INFORMATION GIVEN:
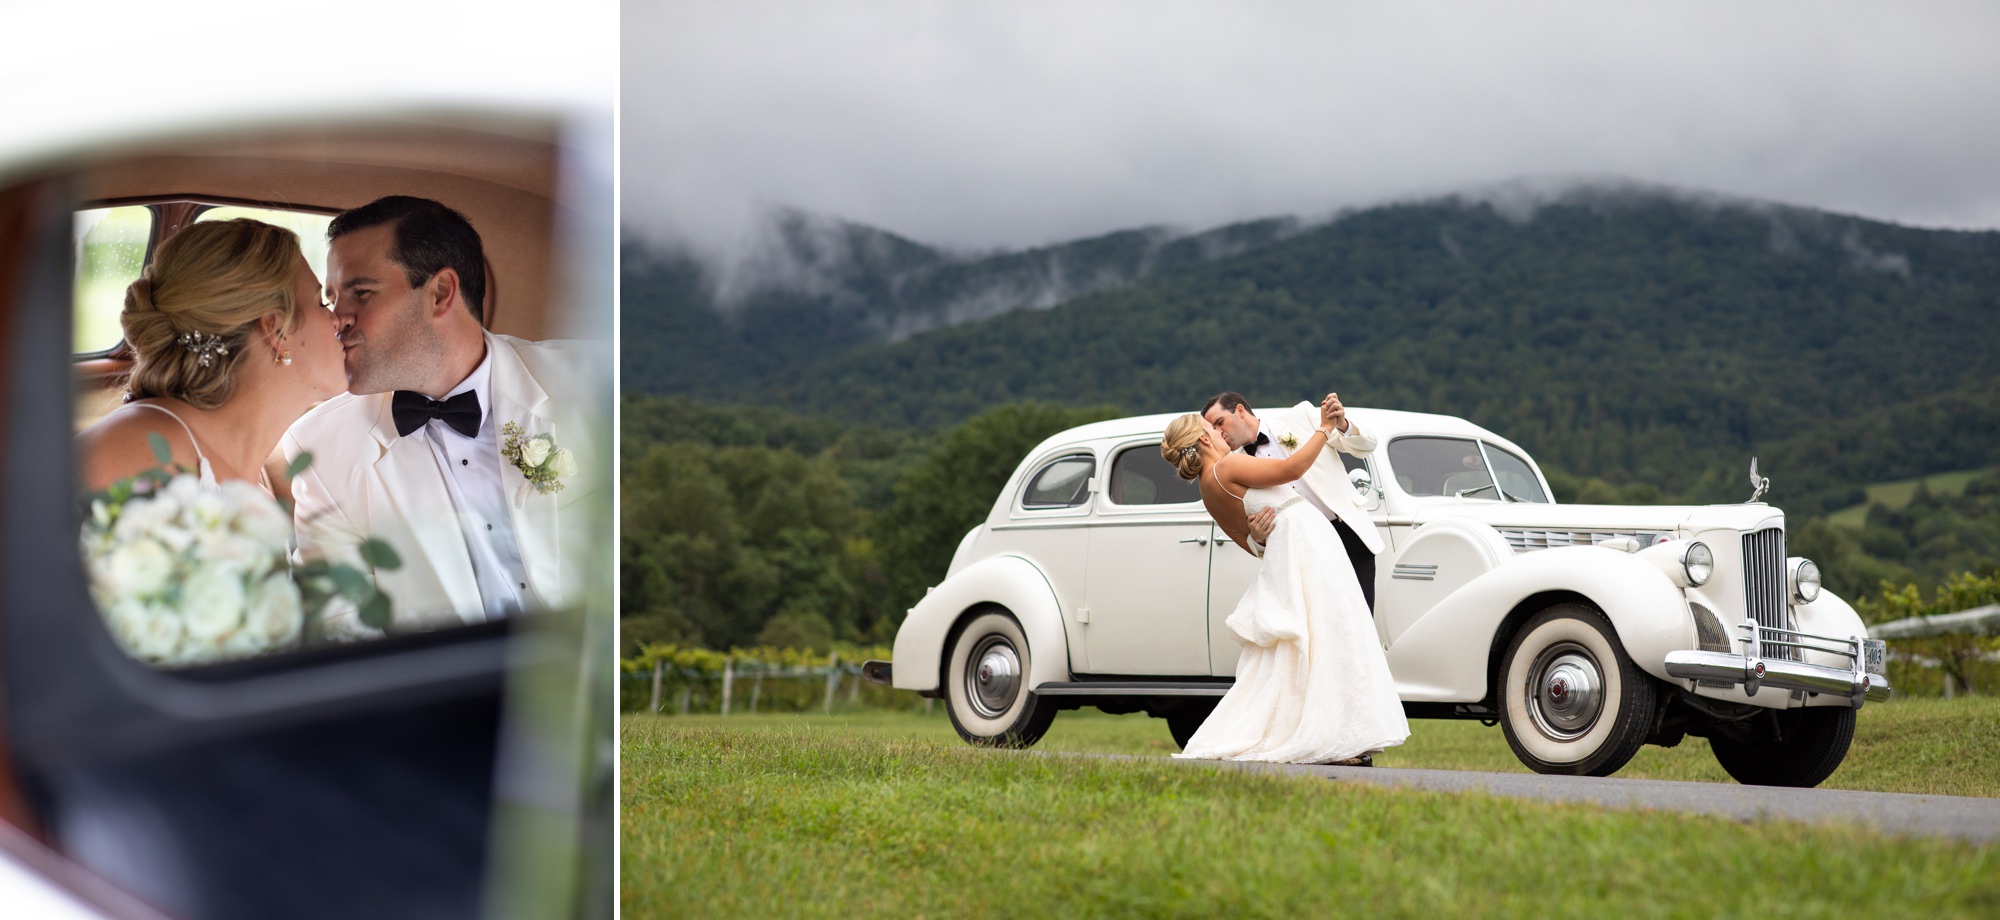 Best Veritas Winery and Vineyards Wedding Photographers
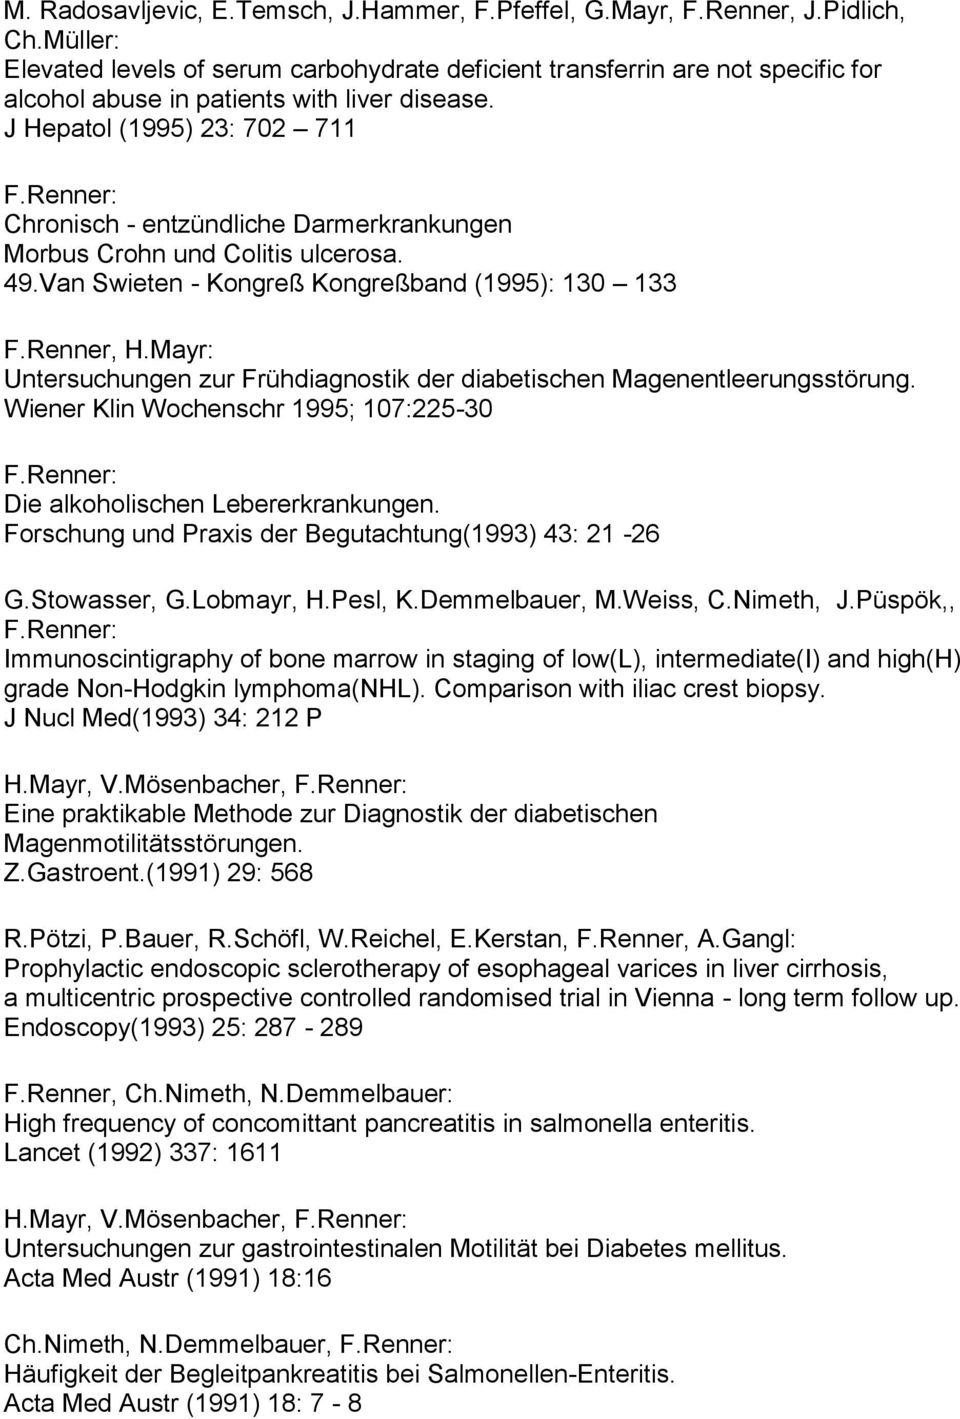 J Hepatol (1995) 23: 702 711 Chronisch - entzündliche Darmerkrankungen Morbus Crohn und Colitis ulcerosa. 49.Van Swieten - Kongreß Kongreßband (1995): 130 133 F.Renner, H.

* * *

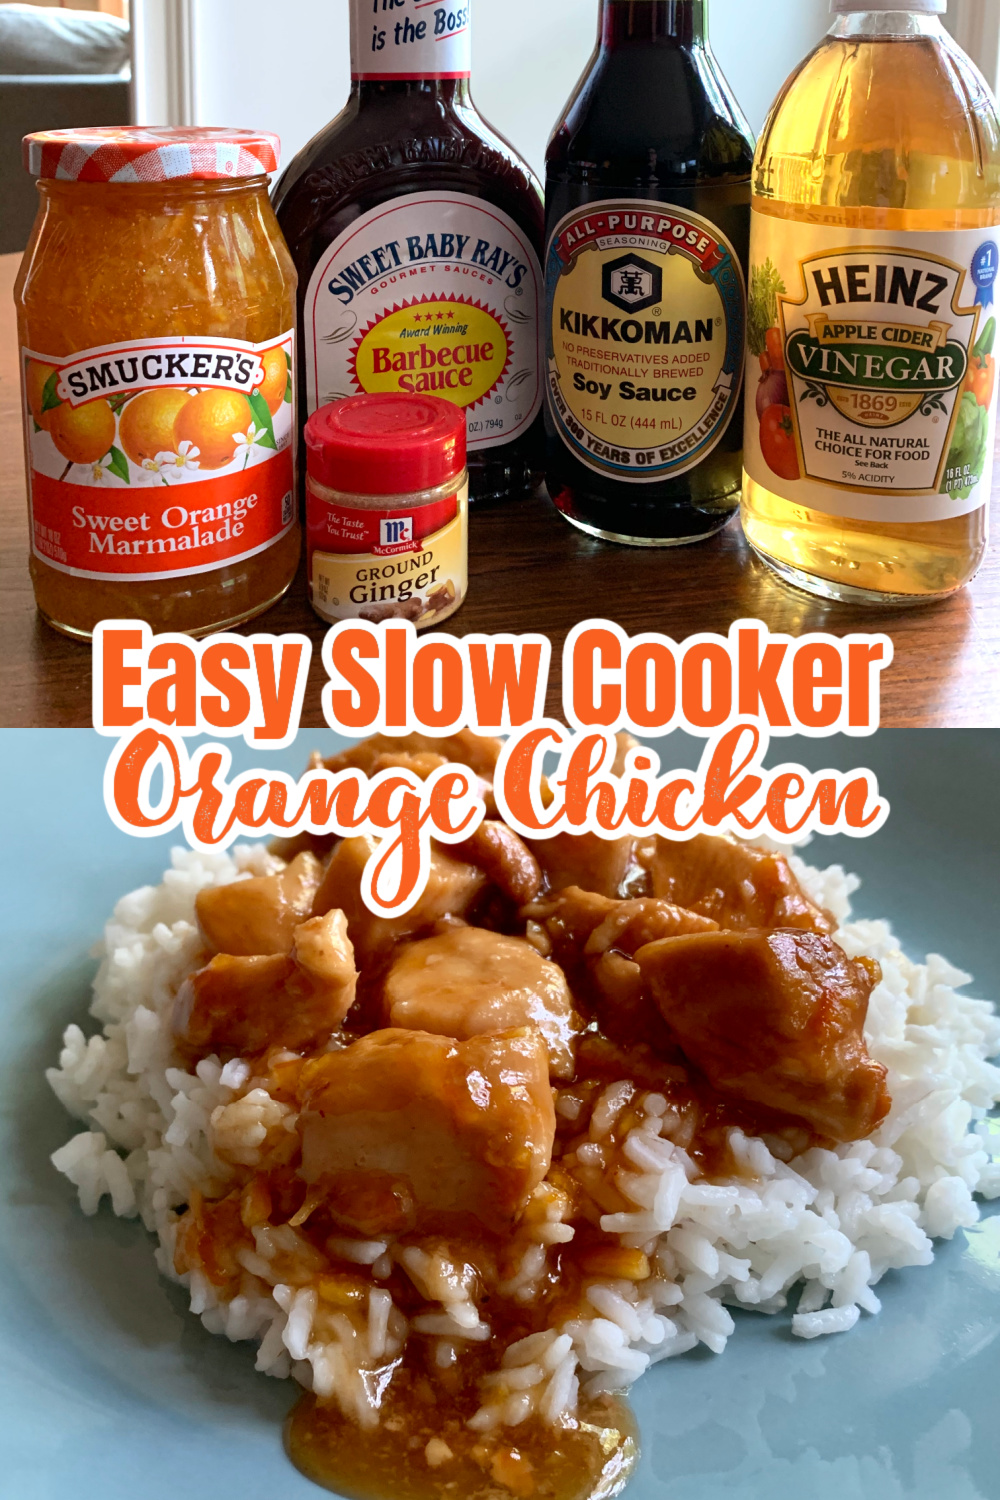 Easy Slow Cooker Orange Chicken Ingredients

WHAT TO WORK ON:
After locating the line containing "Best Veritas Winery" in the entries above, return it and every line after it exactly, ending at the line containing "J Hepatol (1995)", without pictures.

FINISHED TASK:
 Best Veritas Winery and Vineyards Wedding Photographers
 J Hepatol (1995) 23: 702 711 Chronisch - entzündliche Darmerkrankungen Morbus Crohn und Colitis ulcerosa. 49.Van Swieten - Kongreß Kongreßband (1995): 130 133 F.Renner, H.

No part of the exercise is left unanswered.